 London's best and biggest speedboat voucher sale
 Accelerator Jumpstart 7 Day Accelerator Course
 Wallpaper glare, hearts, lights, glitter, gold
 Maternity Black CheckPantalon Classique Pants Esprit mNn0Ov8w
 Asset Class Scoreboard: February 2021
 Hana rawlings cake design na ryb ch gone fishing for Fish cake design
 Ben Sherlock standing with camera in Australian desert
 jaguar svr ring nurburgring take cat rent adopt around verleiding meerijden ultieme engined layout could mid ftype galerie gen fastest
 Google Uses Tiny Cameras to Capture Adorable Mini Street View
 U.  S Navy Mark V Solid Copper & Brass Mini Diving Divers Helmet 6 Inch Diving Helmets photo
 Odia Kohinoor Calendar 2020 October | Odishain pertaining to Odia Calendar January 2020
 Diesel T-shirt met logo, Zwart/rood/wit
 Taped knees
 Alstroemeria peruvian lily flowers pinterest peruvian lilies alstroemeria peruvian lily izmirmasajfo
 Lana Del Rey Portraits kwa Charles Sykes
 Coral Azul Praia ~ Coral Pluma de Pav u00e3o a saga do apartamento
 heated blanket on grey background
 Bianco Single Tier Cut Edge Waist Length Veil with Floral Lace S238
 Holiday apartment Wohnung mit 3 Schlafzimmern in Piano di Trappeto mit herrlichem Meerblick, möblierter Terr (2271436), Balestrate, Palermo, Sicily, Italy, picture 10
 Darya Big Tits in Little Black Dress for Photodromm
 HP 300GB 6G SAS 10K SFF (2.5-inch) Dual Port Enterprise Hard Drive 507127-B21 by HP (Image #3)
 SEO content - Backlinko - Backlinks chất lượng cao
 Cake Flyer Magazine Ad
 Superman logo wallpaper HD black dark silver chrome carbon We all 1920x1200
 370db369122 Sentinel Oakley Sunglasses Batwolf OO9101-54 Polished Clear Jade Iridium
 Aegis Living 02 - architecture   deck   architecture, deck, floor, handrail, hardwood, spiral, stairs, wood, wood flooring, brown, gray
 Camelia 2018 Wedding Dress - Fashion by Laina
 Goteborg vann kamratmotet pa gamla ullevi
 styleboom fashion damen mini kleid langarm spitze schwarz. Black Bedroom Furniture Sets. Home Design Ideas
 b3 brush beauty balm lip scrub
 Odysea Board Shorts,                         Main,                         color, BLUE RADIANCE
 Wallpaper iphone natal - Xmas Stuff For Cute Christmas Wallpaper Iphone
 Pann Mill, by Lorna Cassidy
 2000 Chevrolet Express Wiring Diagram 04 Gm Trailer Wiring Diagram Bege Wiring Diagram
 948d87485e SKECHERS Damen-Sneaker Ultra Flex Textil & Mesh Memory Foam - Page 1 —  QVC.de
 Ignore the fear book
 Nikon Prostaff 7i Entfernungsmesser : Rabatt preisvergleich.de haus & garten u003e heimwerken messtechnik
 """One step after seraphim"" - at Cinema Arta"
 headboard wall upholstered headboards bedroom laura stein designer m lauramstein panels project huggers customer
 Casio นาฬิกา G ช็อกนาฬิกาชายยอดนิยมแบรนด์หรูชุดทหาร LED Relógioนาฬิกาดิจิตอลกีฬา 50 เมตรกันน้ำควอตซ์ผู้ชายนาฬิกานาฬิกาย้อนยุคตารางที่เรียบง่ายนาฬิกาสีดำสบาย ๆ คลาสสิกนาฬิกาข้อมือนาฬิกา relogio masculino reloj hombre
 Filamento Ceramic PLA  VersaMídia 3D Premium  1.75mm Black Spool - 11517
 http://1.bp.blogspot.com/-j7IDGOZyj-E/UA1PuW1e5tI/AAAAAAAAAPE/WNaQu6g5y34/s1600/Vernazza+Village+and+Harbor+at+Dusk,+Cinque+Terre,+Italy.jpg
============
WHAT THE EXERCISE ASKS -
From the line that has "Accelerator Jumpstart 7" through the line that has "Taped knees", copy every line exactly as it appears above, and leave out all others.

EXPECTED ANSWER -
 Accelerator Jumpstart 7 Day Accelerator Course
 Wallpaper glare, hearts, lights, glitter, gold
 Maternity Black CheckPantalon Classique Pants Esprit mNn0Ov8w
 Asset Class Scoreboard: February 2021
 Hana rawlings cake design na ryb ch gone fishing for Fish cake design
 Ben Sherlock standing with camera in Australian desert
 jaguar svr ring nurburgring take cat rent adopt around verleiding meerijden ultieme engined layout could mid ftype galerie gen fastest
 Google Uses Tiny Cameras to Capture Adorable Mini Street View
 U.  S Navy Mark V Solid Copper & Brass Mini Diving Divers Helmet 6 Inch Diving Helmets photo
 Odia Kohinoor Calendar 2020 October | Odishain pertaining to Odia Calendar January 2020
 Diesel T-shirt met logo, Zwart/rood/wit
 Taped knees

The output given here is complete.